■ PROBLEM REQUIREMENTS ■
Pictures in the listing do not belong in the copy, which should repeat exactly the lines from the one holding "Frau und zwei" through the last line.
━━━ EXERCISE DATA ━━━
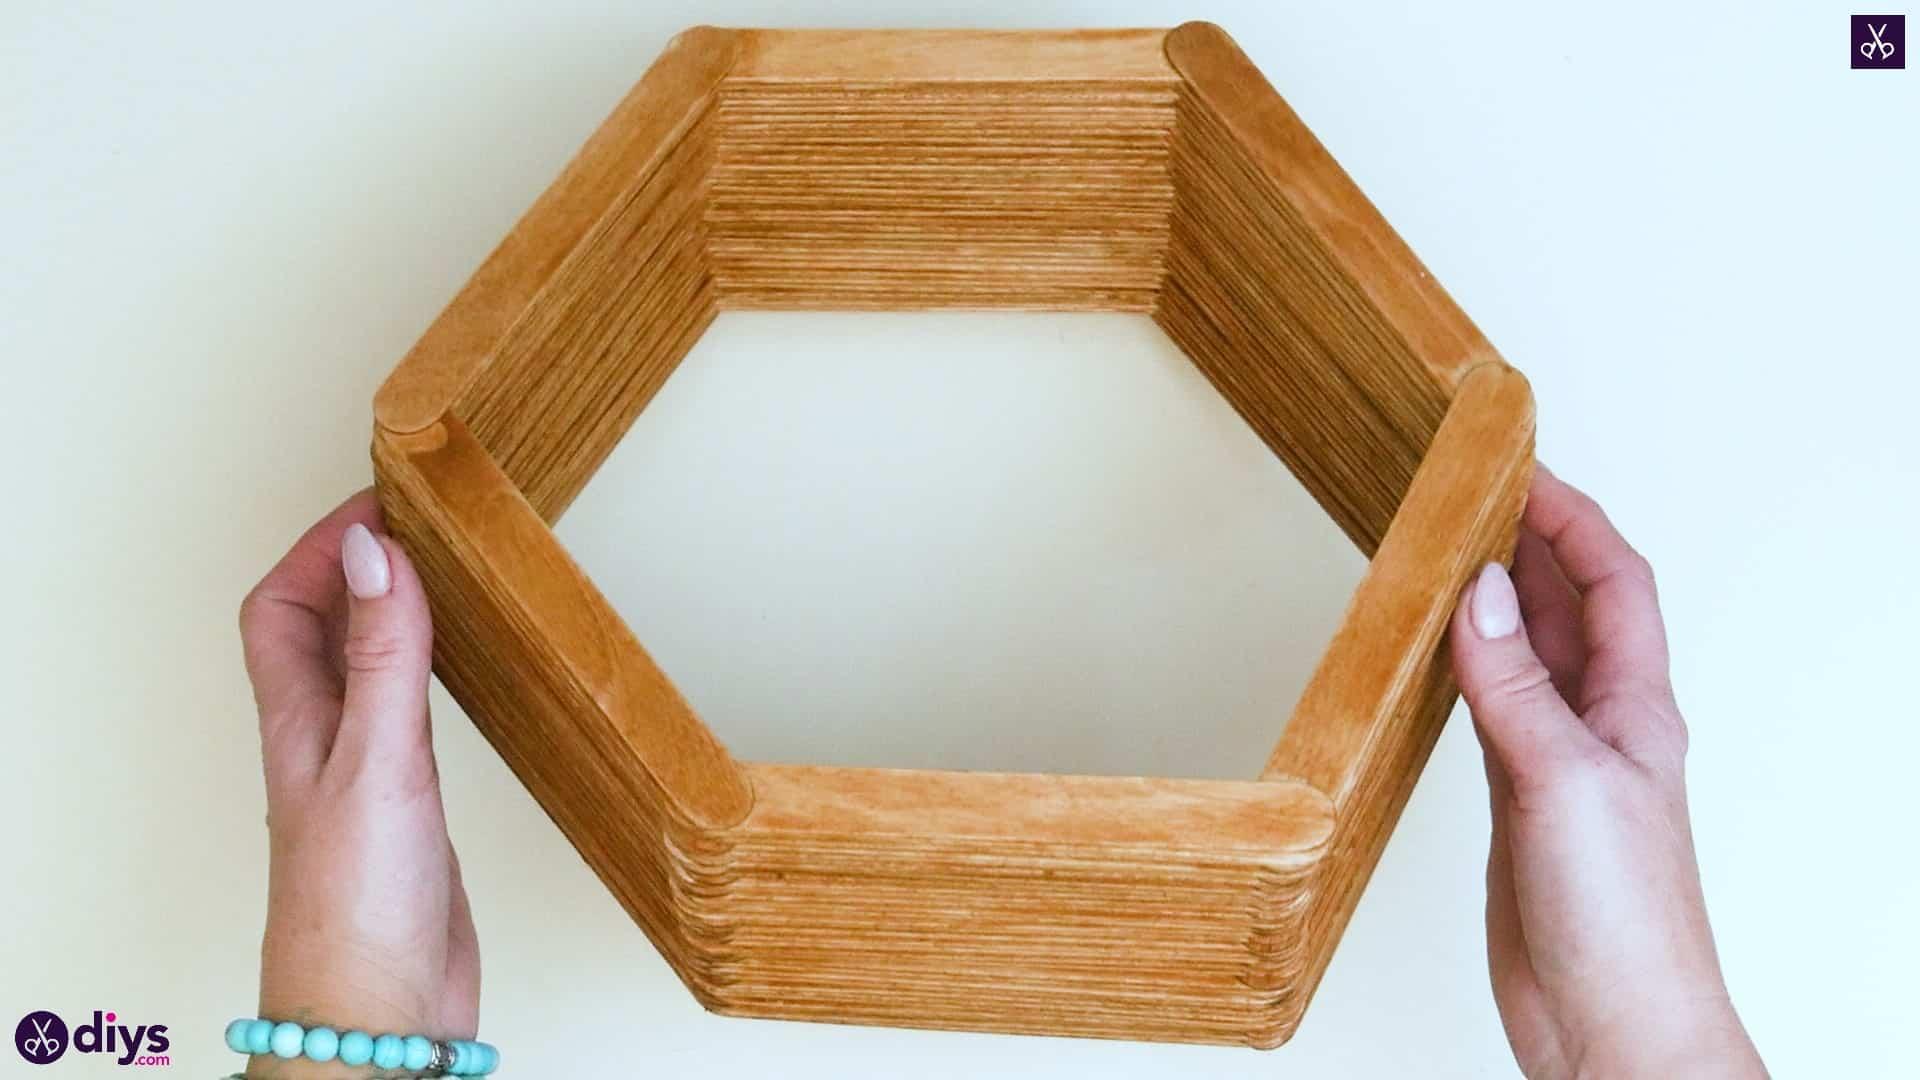 Diy popsicle stick hexagon shelf step 4e
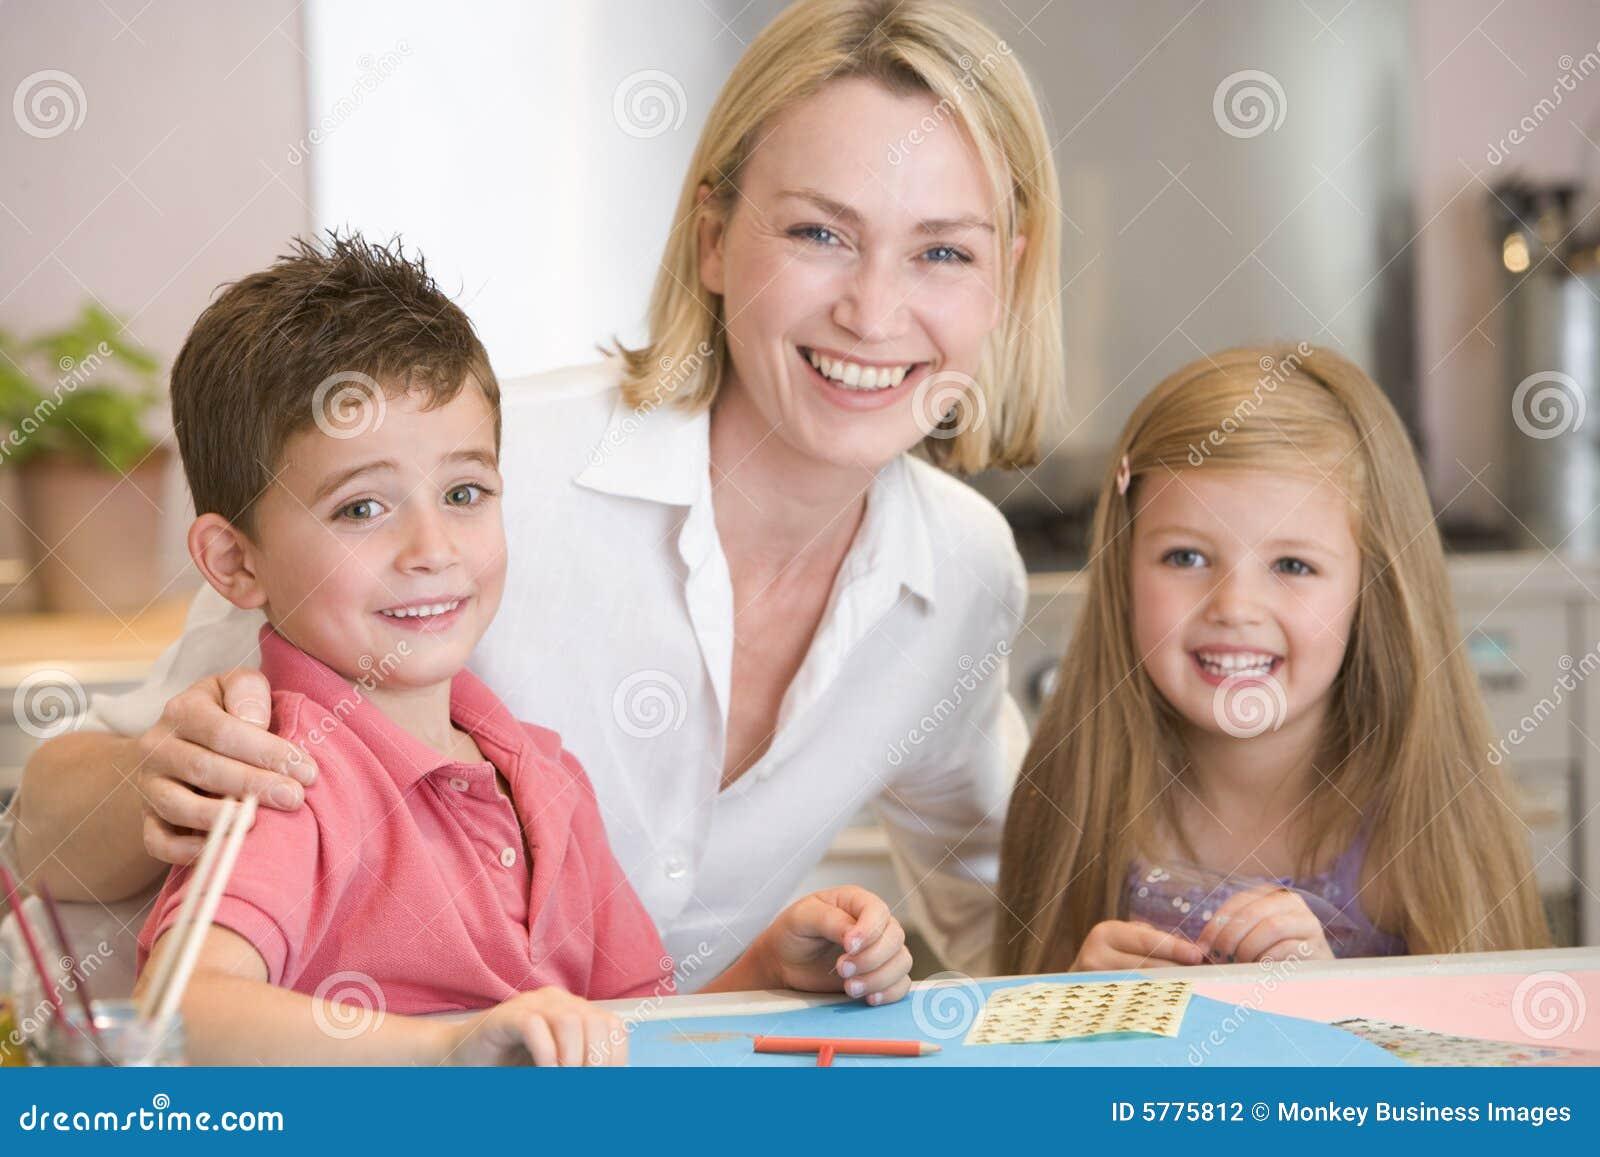 Frau und zwei junge kinder in der kuche mit kunst p for Blasenschw che bei frauen
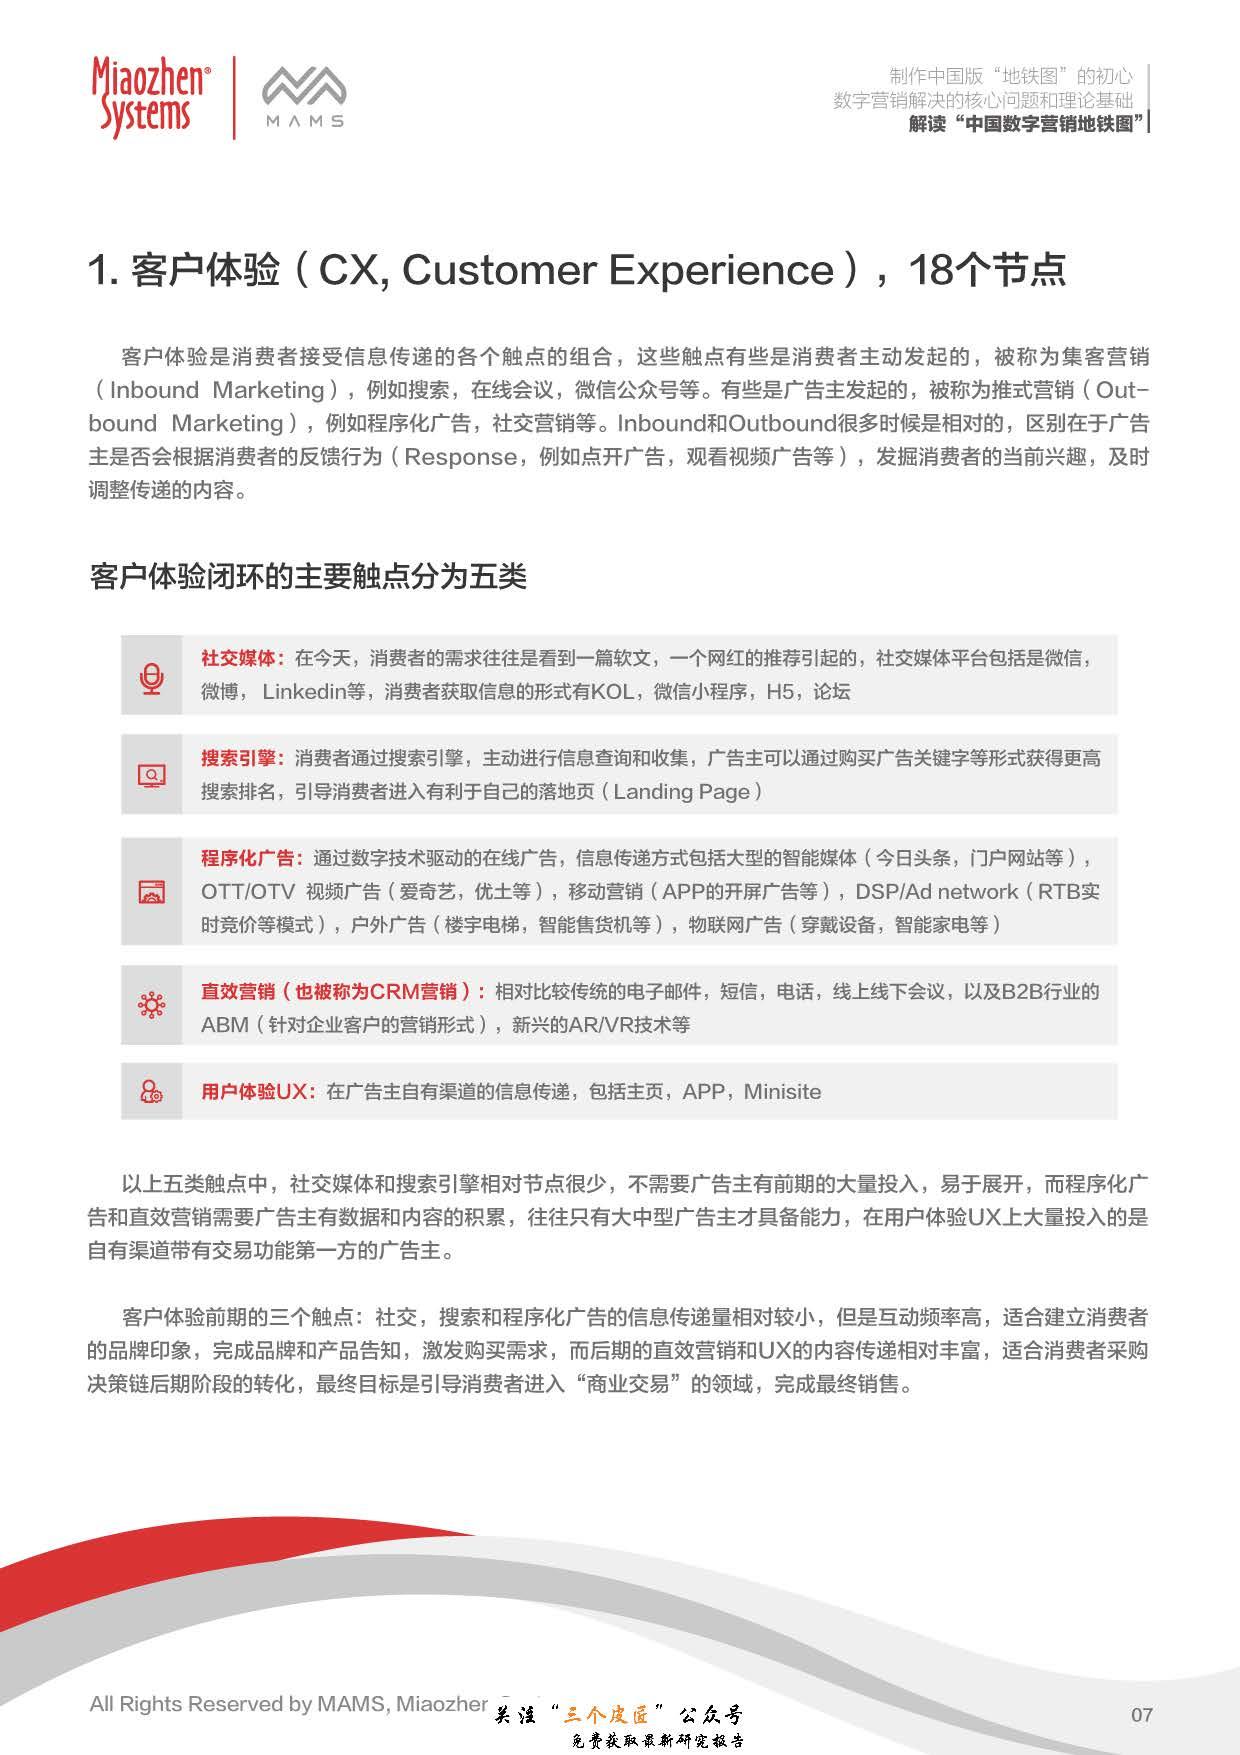 秒针:解读中国数字营销地铁图(28页)_页面_08.jpg
━━━
■ REPLY TO THE EXERCISE ■
 Frau und zwei junge kinder in der kuche mit kunst p for Blasenschw che bei frauen
 秒针:解读中国数字营销地铁图(28页)_页面_08.jpg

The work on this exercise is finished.